I pick up a towel that’s laid on the arm of the sofa and wrap it around my waist so I can go to the bathroom.

In the bathroom I take the towel off and then my underwear. I just stare at it. My mind expected just to see wet clothes, but the red glares at me and I stare at it as though I have never seen blood before.

I feel nothing. No pain, no bruises. I don’t know why it’s there. I don’t feel ill. I feel panic inside. Fear. I don’t want Joanne to see. I don’t want to know where it came from.  I get in the shower instead. I don’t care that it isn’t heated yet. I want to hide from my blood soaked shorts. Maybe I’m dreaming. Maybe they aren’t there. Maybe it’s from the phet. I shower, but I can see them through the door. I have to get rid of them.

They are still there when I finish showering. Part of me wonders why. Why didn’t they just vanish? I can’t sneak them out. I’m sure that Joanne will see them. She’ll come out of the lounge the moment I come out of the bathroom with them in my hand. I get the envelope that holds my needles instead. I tip those into Joanne’s makeup bag and then I put my shorts in the envelope.

The blood is wet, it marks my hands and I just stare at it. I don’t know where it’s from. I don’t understand why I am bleeding.

 

Alley Kid 10

I follow the police into my lounge, the anxiety in my chest feels almost too much. I’m sure the moment they walk in they will see the phet like and hone in on it. I promise myself no more. Just this last one and if they don’t see it, no more.
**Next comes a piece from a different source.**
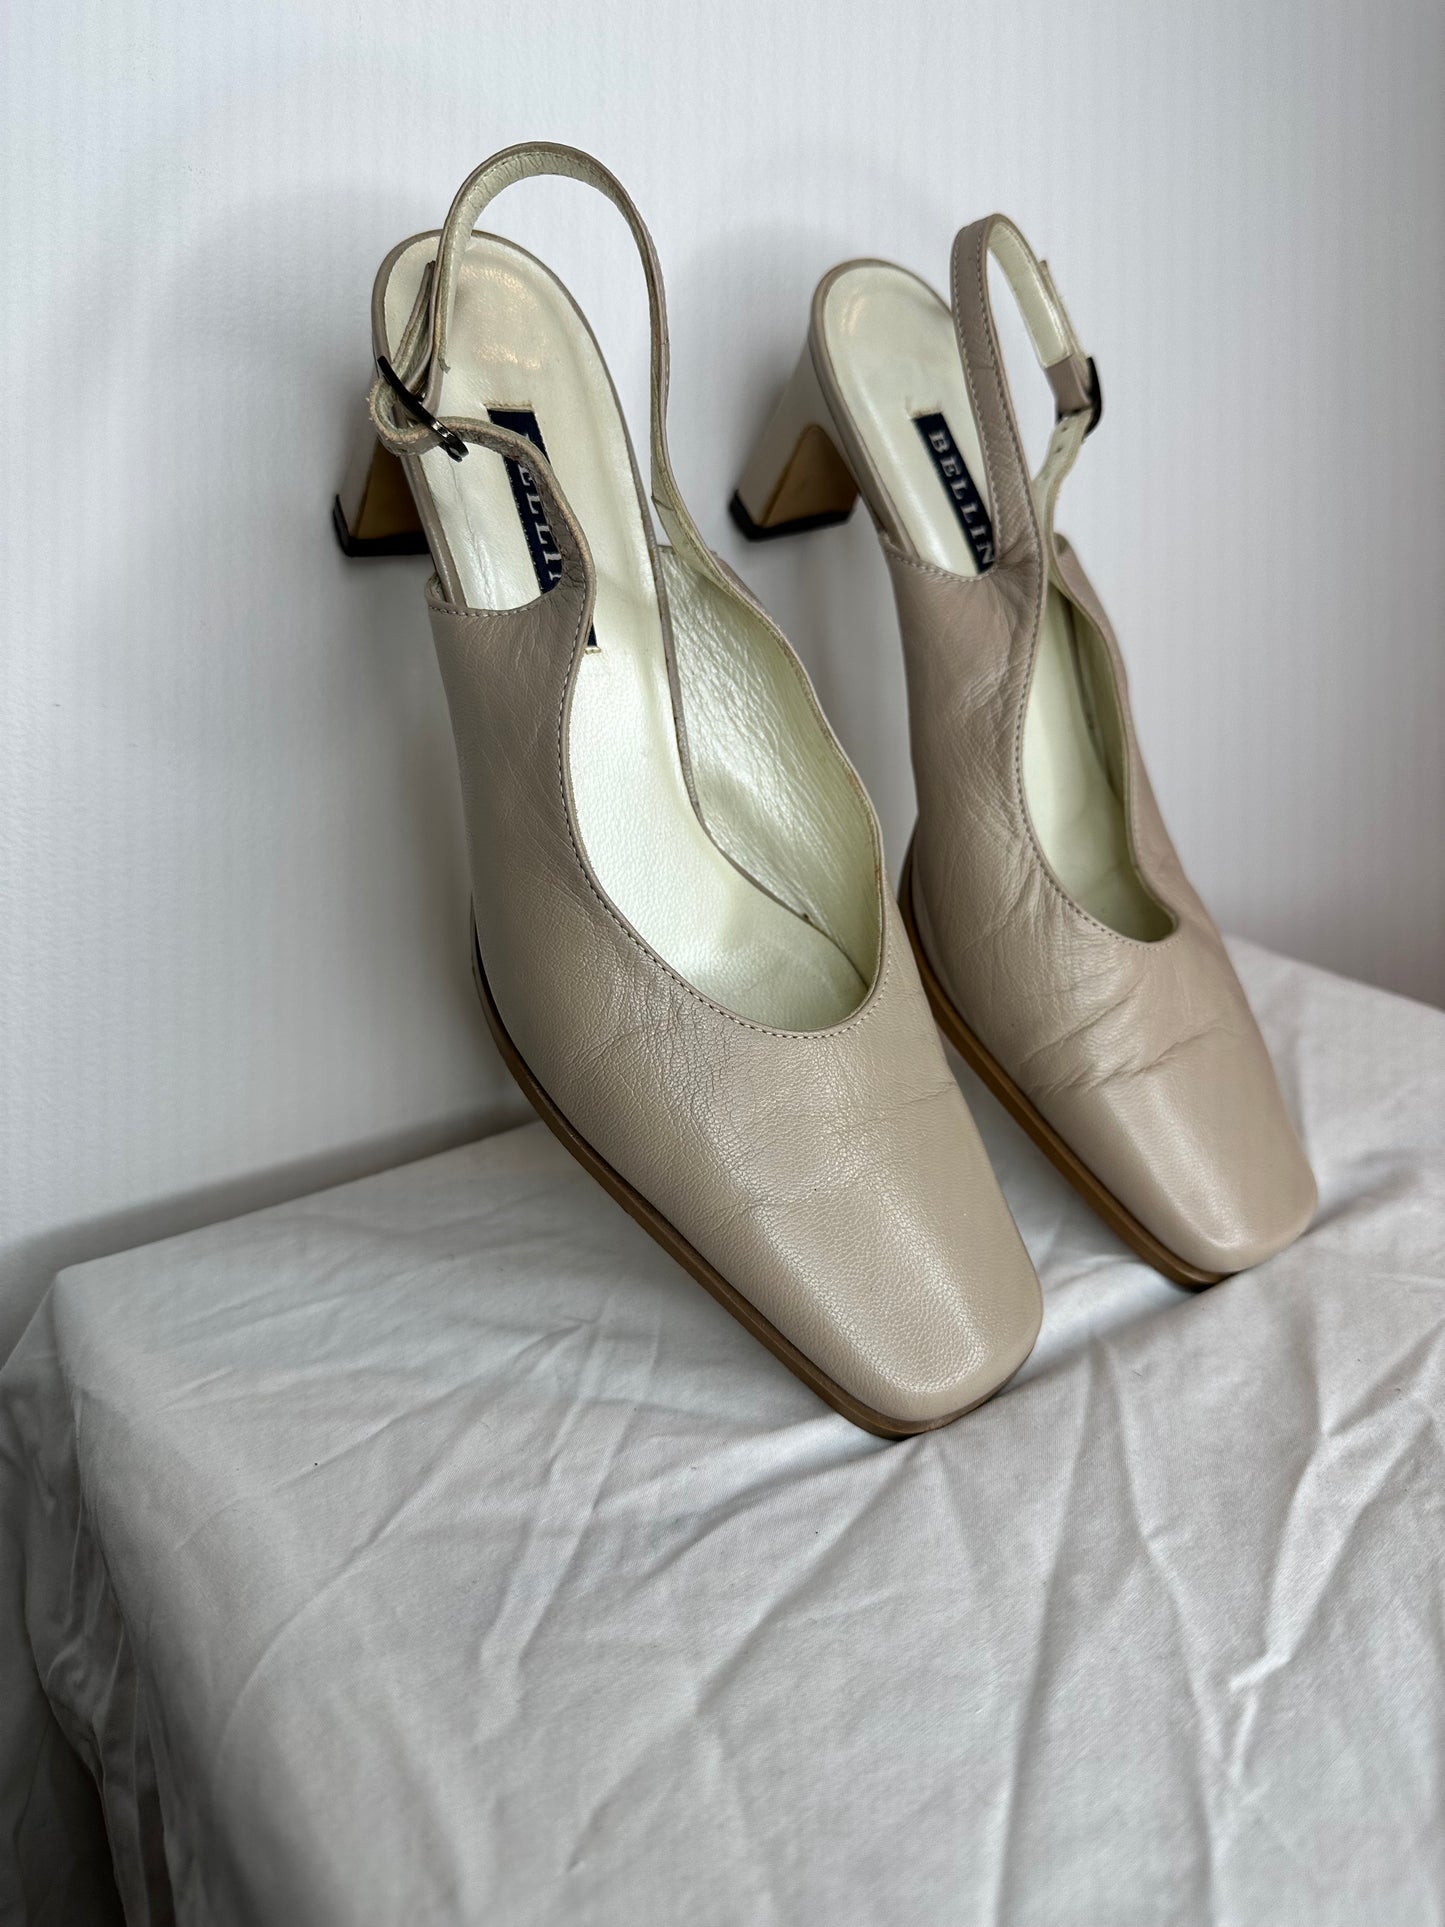 Vintage Bellini Sling Back Leather Heels (US 7 / EU 38)

I’ll be done with the drugs. I realise what I’ll lose if they find them. I think about Will and him at his mothers, I can’t give him up for the drugs; I’d have nothing left at all. I think about Maz’s words, what I promised her. I couldn’t do it. I couldn’t do it to my son and let him suffer for my choices. That would make me no better than my own parents.BaseballBat

I look down and the phet is gone. I’m relieved but I’m afraid Joanne has it on her and they will search us. The police look everywhere. They lift up the cushions off the sofa, take out drawers, I have no real clue what they thing they are going to find, but it isn’t anything I have that they would want. The police finish, but they don’t clean up and the flat is a mess.

They leave but don’t really say anything to me and I sigh at yet another invasion from them. Its beginning to get to the point that I fear each time I open the door it will be them, many times it is, mostly they are looking for Mark, and usually they have just missed him. I am glad of that, but I know if he is there and he is caught, I’ll hand him over, maybe that makes me a coward. But I don’t care. I put my child before Mark and if that means I become a grass I don’t care.

I asked Joanne where she put the phet and she gives me a smile like she knew I was worried. She reaches down into the box that holds Wills toys and pulls out one of his bears, such a classic place for drugs but the police didn’t look there. I guessed they weren’t looking for those.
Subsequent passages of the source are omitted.